Test your characters' undercover mettle
Published: August 29, 2003
If you're thinking of putting an FBI agent in your next story, make sure you paint an accurate picture of your character. According to Alicia Hilton, a former FBI special undercover agent, that image should not include "fast cars, hot sex, flashy designer clothing and mingling with the rich and famous."
Hilton explains in this article that while FBI agents are often portrayed glamorously on television and in books, a real agent's life is very different. However, she points out that there is exciting drama in every agent's life. In her article, she recalls her life as an agent to help writers tap into that excitement, to shape believable characters readers will embrace and to develop plot points.

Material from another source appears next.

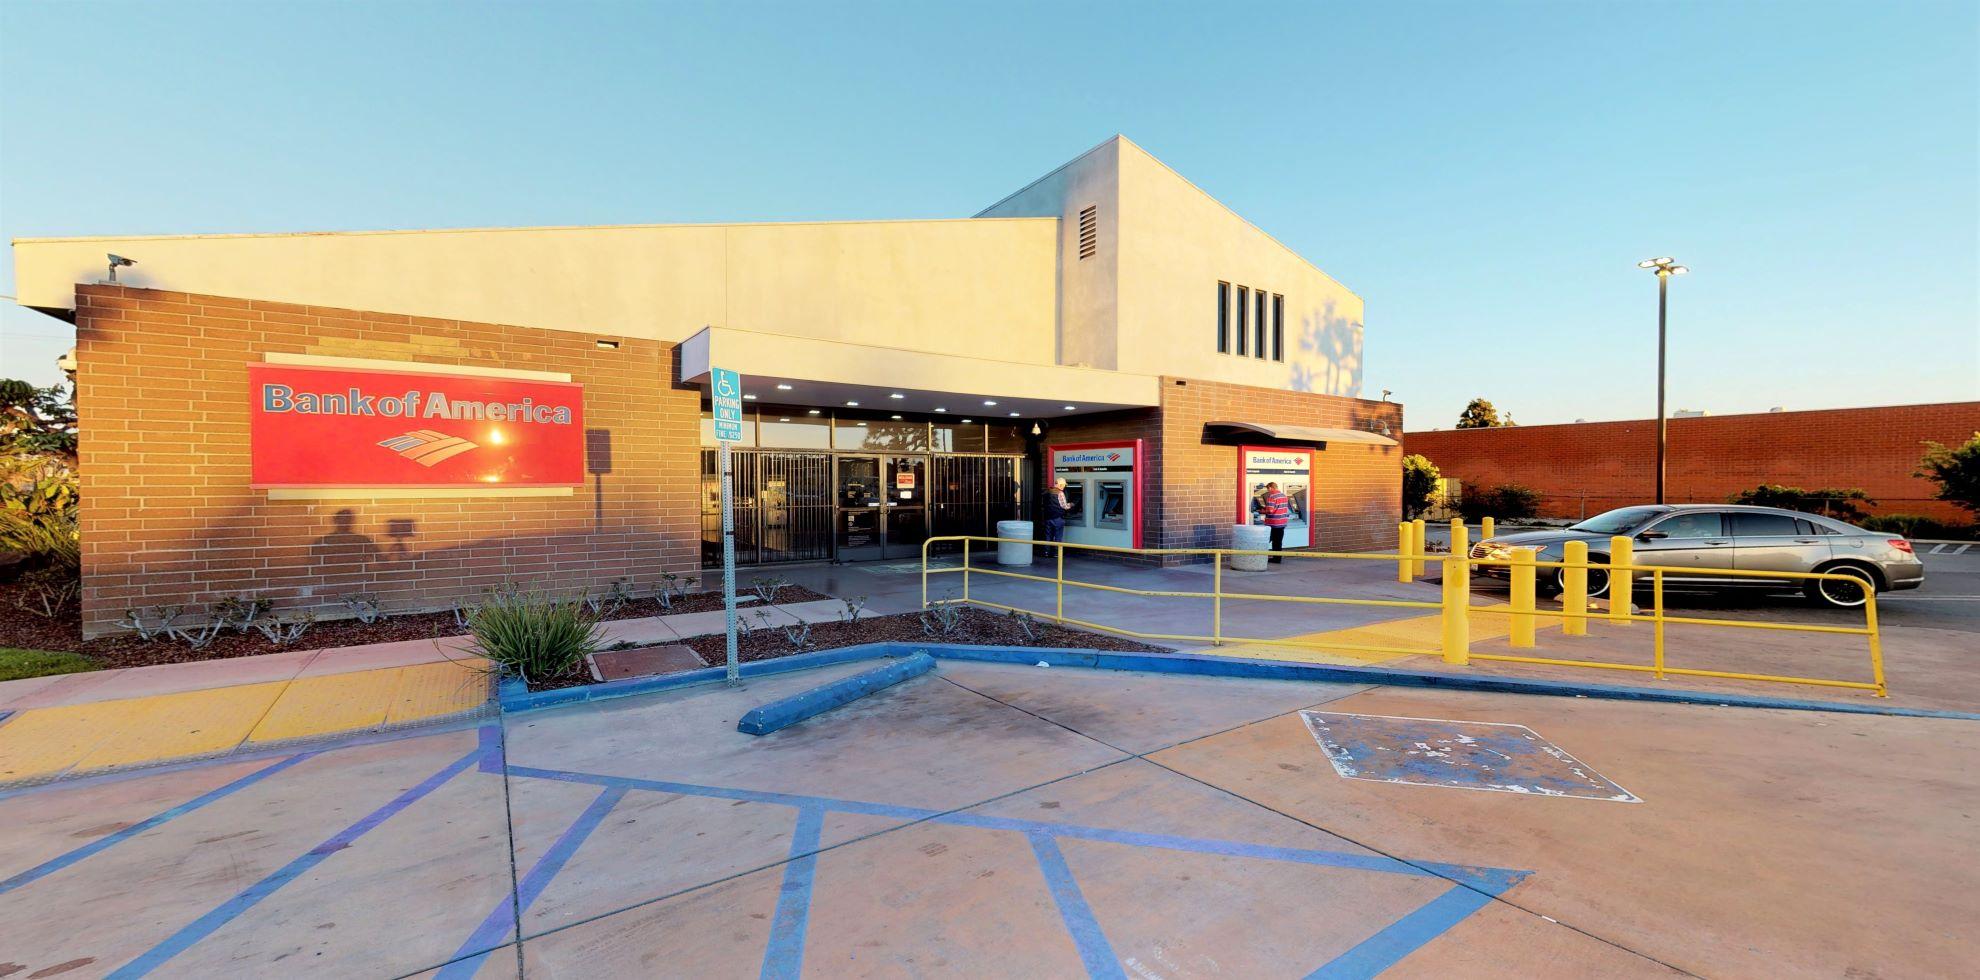 Bank of America financial center with walk-up ATM   118 W Rosecrans Ave, Gardena, CA 90248

Take your character through these actual undercover maneuvers and see how he or she fares.
Scenario 1: Your protagonist is an undercover agent (UCA). Subjects of her investigation have paid her to enter a government building and bribe several officials. The subjects insist that she bribe all the clerks on the same day, but the UCA is concerned about being caught by the clerks' supervisor. What does she do?
Scenario 2: Your protagonists are two UCAs. They have been asked to take an agent on a cameo, or initial meeting with the target or targets of an investigation. The agent, a member of a narcotics squad the UCAs have never worked with, is supposed to portray a heroin dealer during his cameo. The UCAs' objective is to order a false passport from a group of terrorists. The passport is supposed to be for the heroin dealer, a false identity that will enable him to facilitate his enterprise. Shortly before the meeting is to take place, the agent who is supposed to do the cameo starts sweating profusely and becomes so nervous he cannot speak. It is too late to abort the meeting. What do the UCAs do?
What the real agents did Scenario 1: I brought along several changes of clothing. Between meetings, I returned to my vehicle (parked in the government lot), altered my hairstyle and changed my clothes. I was able to successfully complete all my meetings that day, paying cash bribes to all the corrupt clerks the subjects had asked me to approach. The subjects of my undercover investigation complimented my ingenuity and conducted further business with me.
Scenario 2: My partner and I, the UCAs, ordered the nervous agent who was supposed to do the cameo to stay in the car. We exited the vehicle, met with the terrorists and told them "Mr. Big" did not talk to outsiders. We said we would act as intermediaries, returned to the car, communicated the terrorists' terms to "Mr. Big" and consummated the deal. The terrorists never questioned our actions and we successfully completed a number of subsequent transactions with their organization.